Chinese materials and nuclear engineer

Yanwen Zhang is a materials engineer and nuclear engineer whose research concerns radiation damage and radiation tolerance in alloys. Educated in China and Sweden, she has worked in Sweden, the United States, and most recently Canada, where she is a professor in the Queen's University at Kingston Department of Mechanical and Materials Engineering and holder of a Canada Excellence Research Chair in Impact of Radiation in Energy and Advanced Technologies.

==Education and career==
Zhang was a student at Beijing Normal University in China, where she received a bachelor's degree in solid state physics in 1990 and a master's degree in materials science and engineering in 1993. She has two doctorates, one in nuclear engineering in 1998 from Lund University in Sweden, and a second one in 1999 from Beijing Normal University in 1999 in materials science and engineering. Continuing in Sweden, she received a docent qualification (the Swedish equivalent of a habilitation) from Lund University in 2004.

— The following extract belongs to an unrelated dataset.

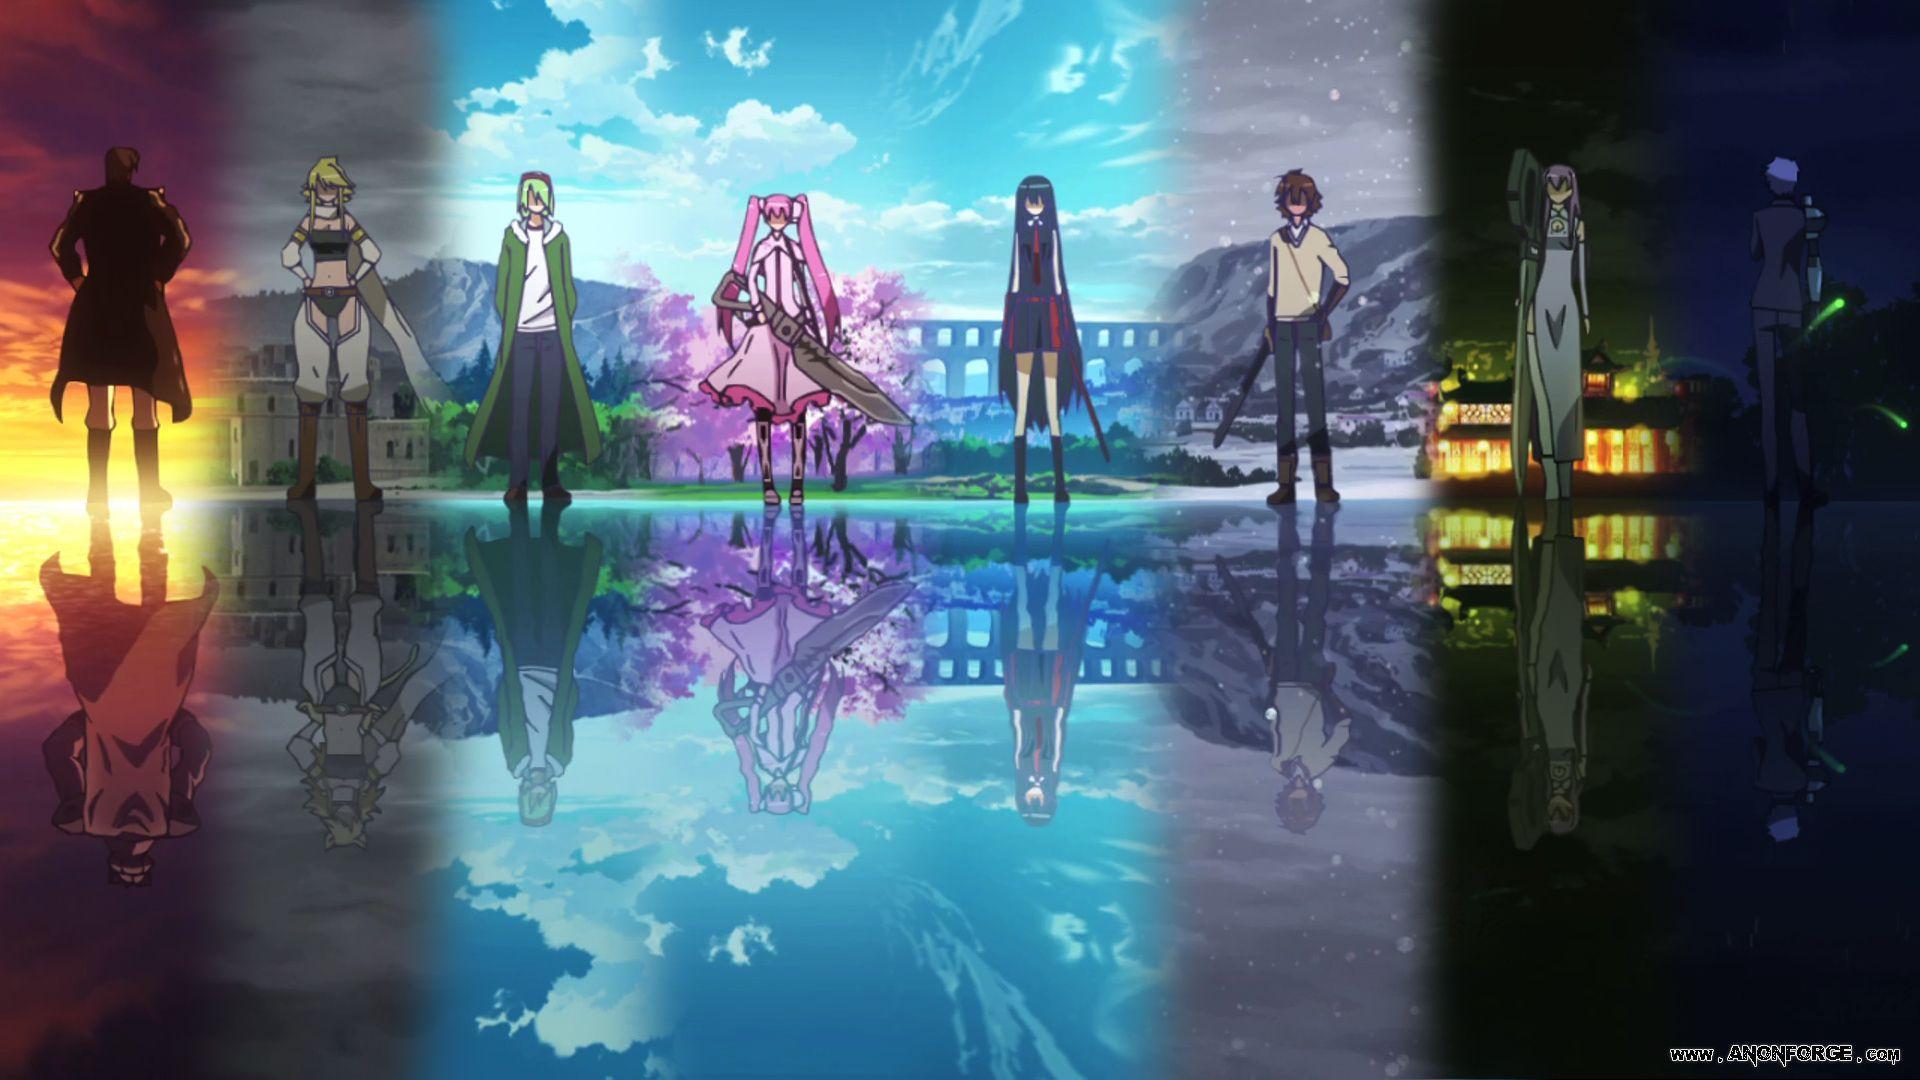 Akame ga Kill! (TV Series 2014-2014) - Imagens de Fundo — The

She worked as an assistant professor in ion physics at Uppsala University from 2000 to 2002. In 2003 she moved to the United States to become a research scientist at the Pacific Northwest National Laboratory, where she continued until 2010. From 2010 until 2022 she was a distinguished staff member at the Oak Ridge National Laboratory with a joint faculty position in materials science and engineering at the University of Tennessee, and deputy director of the university's Ion Beam Materials Laboratory. From 2022 until 2024 she was Directorate Fellow at the Idaho National Laboratory. She moved to her present position at Queen's University at Kingston, in Canada, in 2024.

==Recognition==
Zhang was a 2005 recipient of the Presidential Early Career Award for Scientists and Engineers. She was named as a Fellow of the American Ceramic Society in 2022.